*** Opening Material provided ***

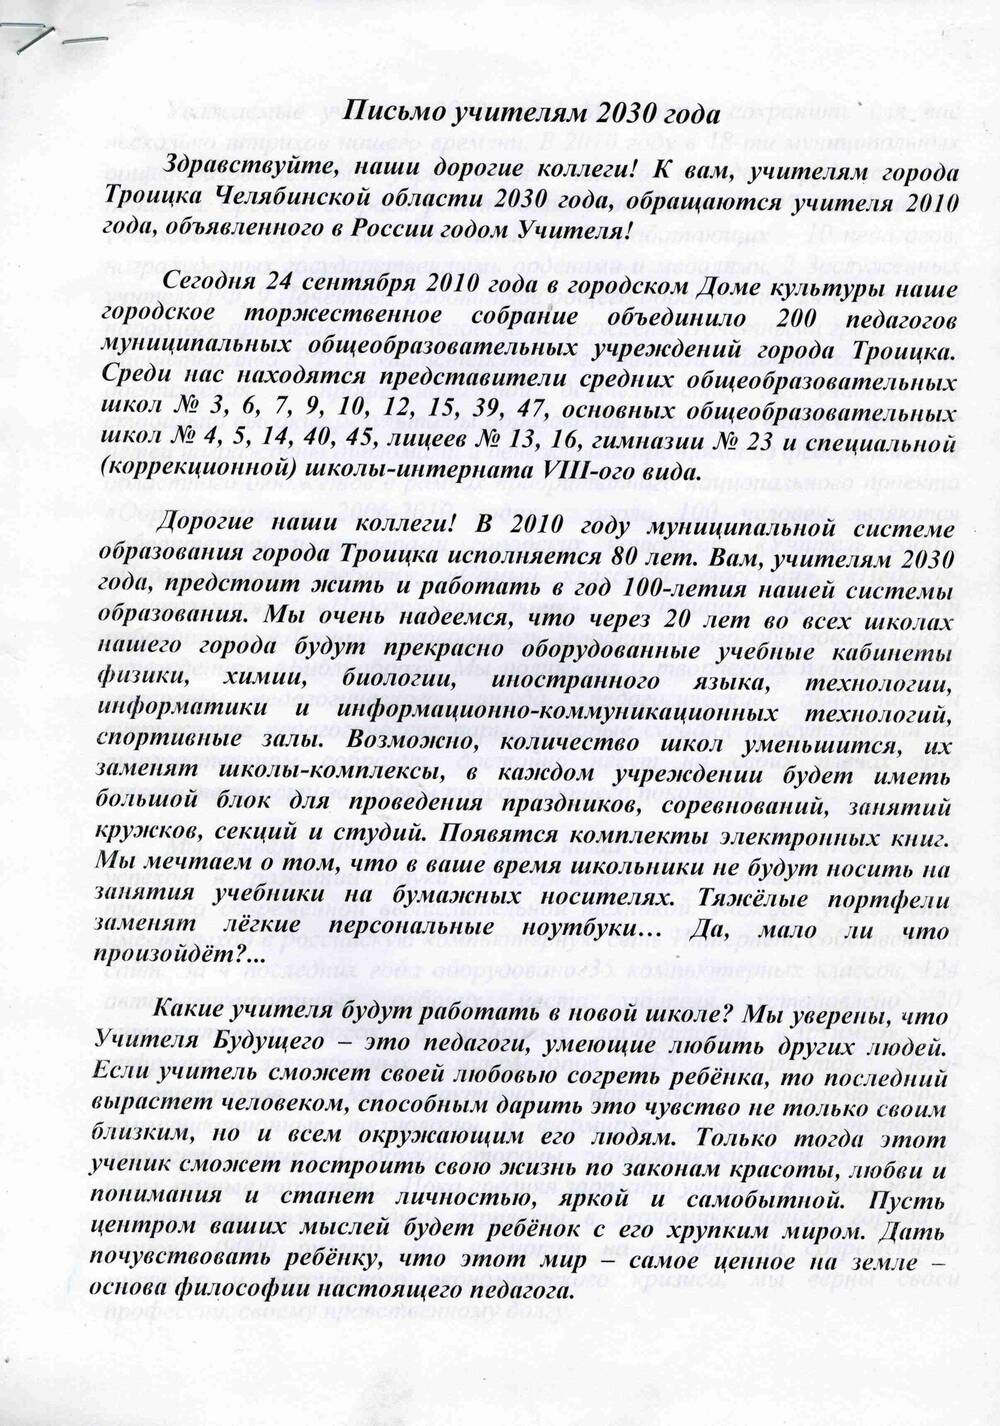 Письмо учителям г. Троицка Челябинской области 2030 года от учителей 2010 года, в конверте.
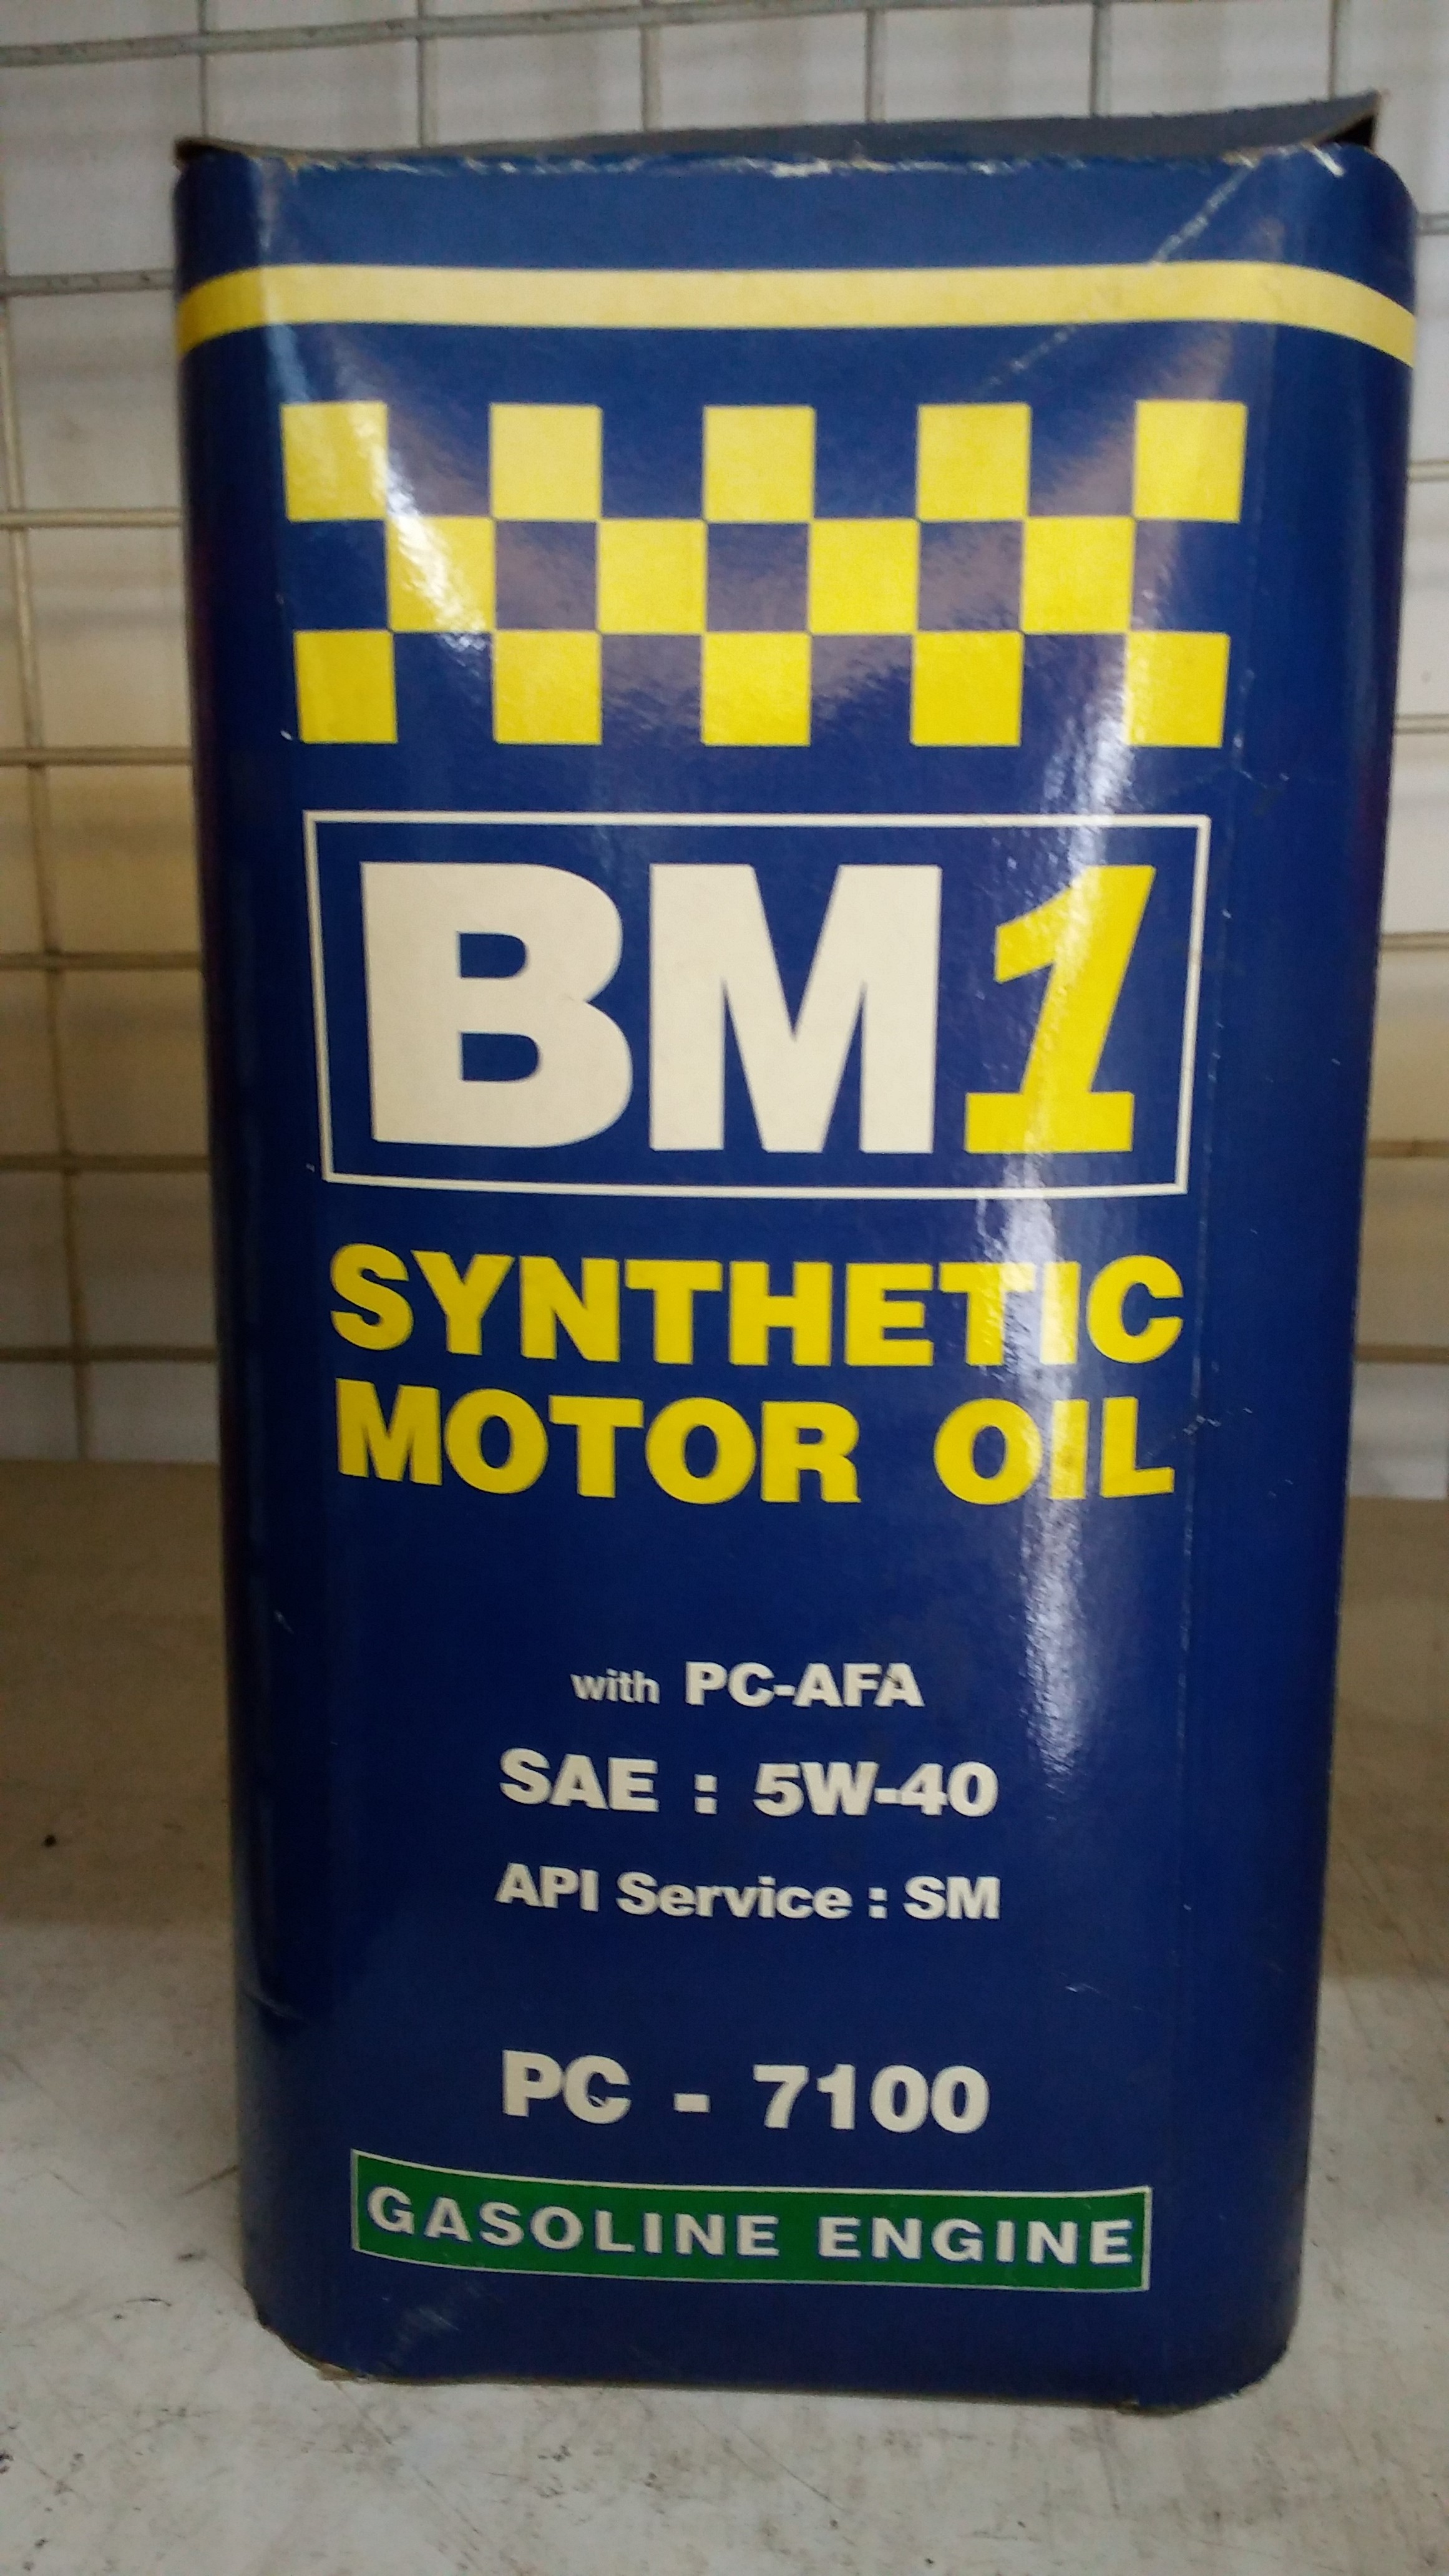 Bm 1 Syntetic Motor Oil Gasolin Engine 5W-40
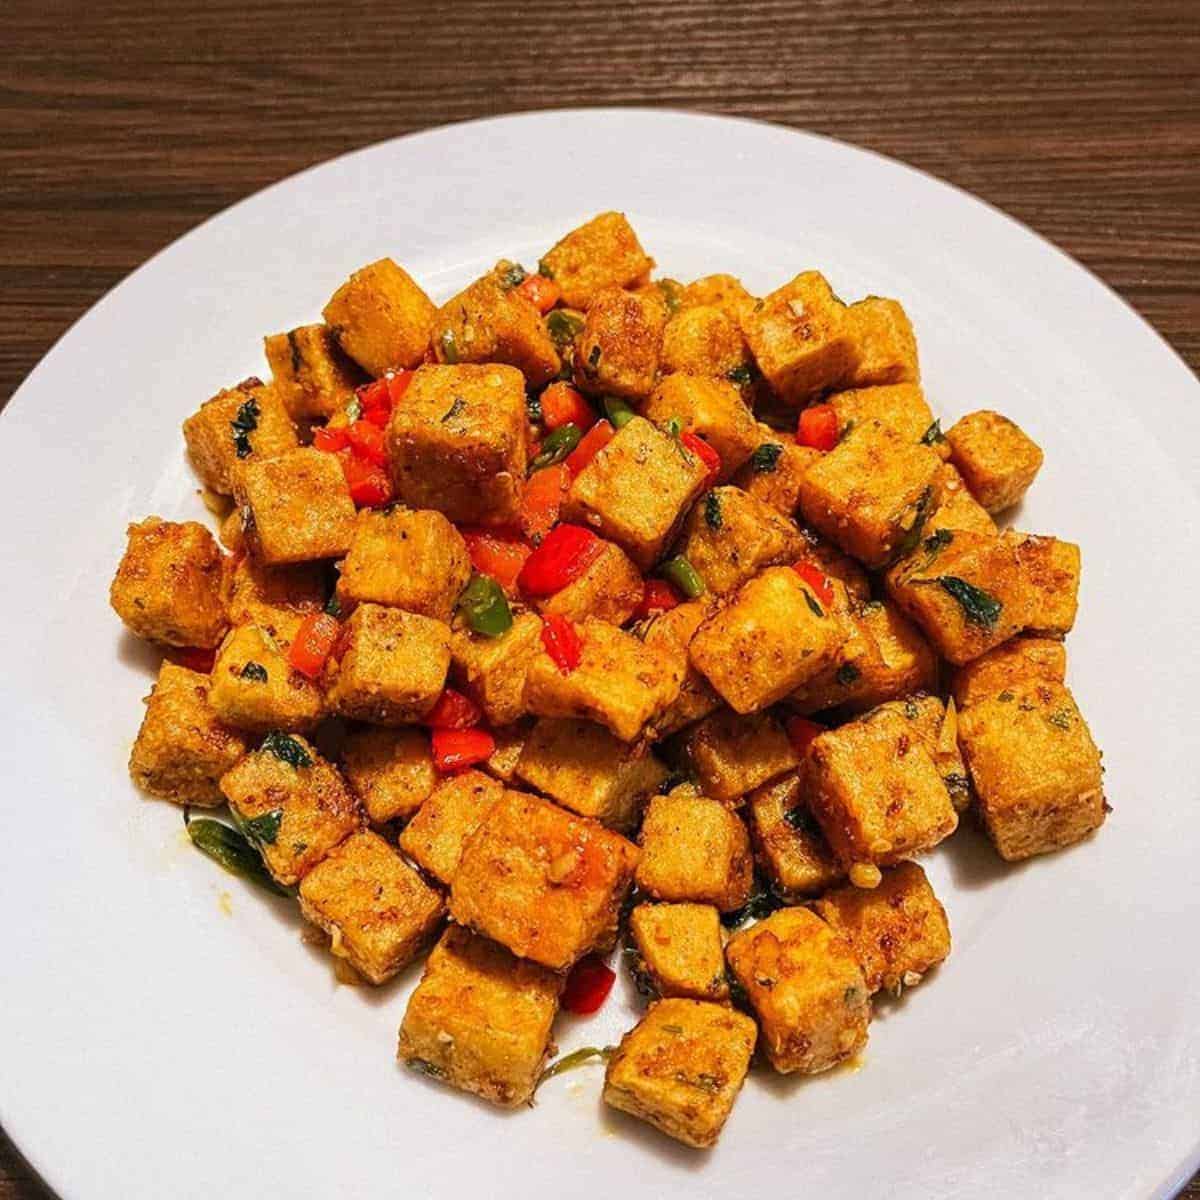 salt and pepper tofu in a plate

*** Closing Material provided ***

** Exercise description **
Retype all of the listing word for word and skip the pictures.

** Answer space **
 Письмо учителям г. Троицка Челябинской области 2030 года от учителей 2010 года, в конверте.
 Bm 1 Syntetic Motor Oil Gasolin Engine 5W-40
 salt and pepper tofu in a plate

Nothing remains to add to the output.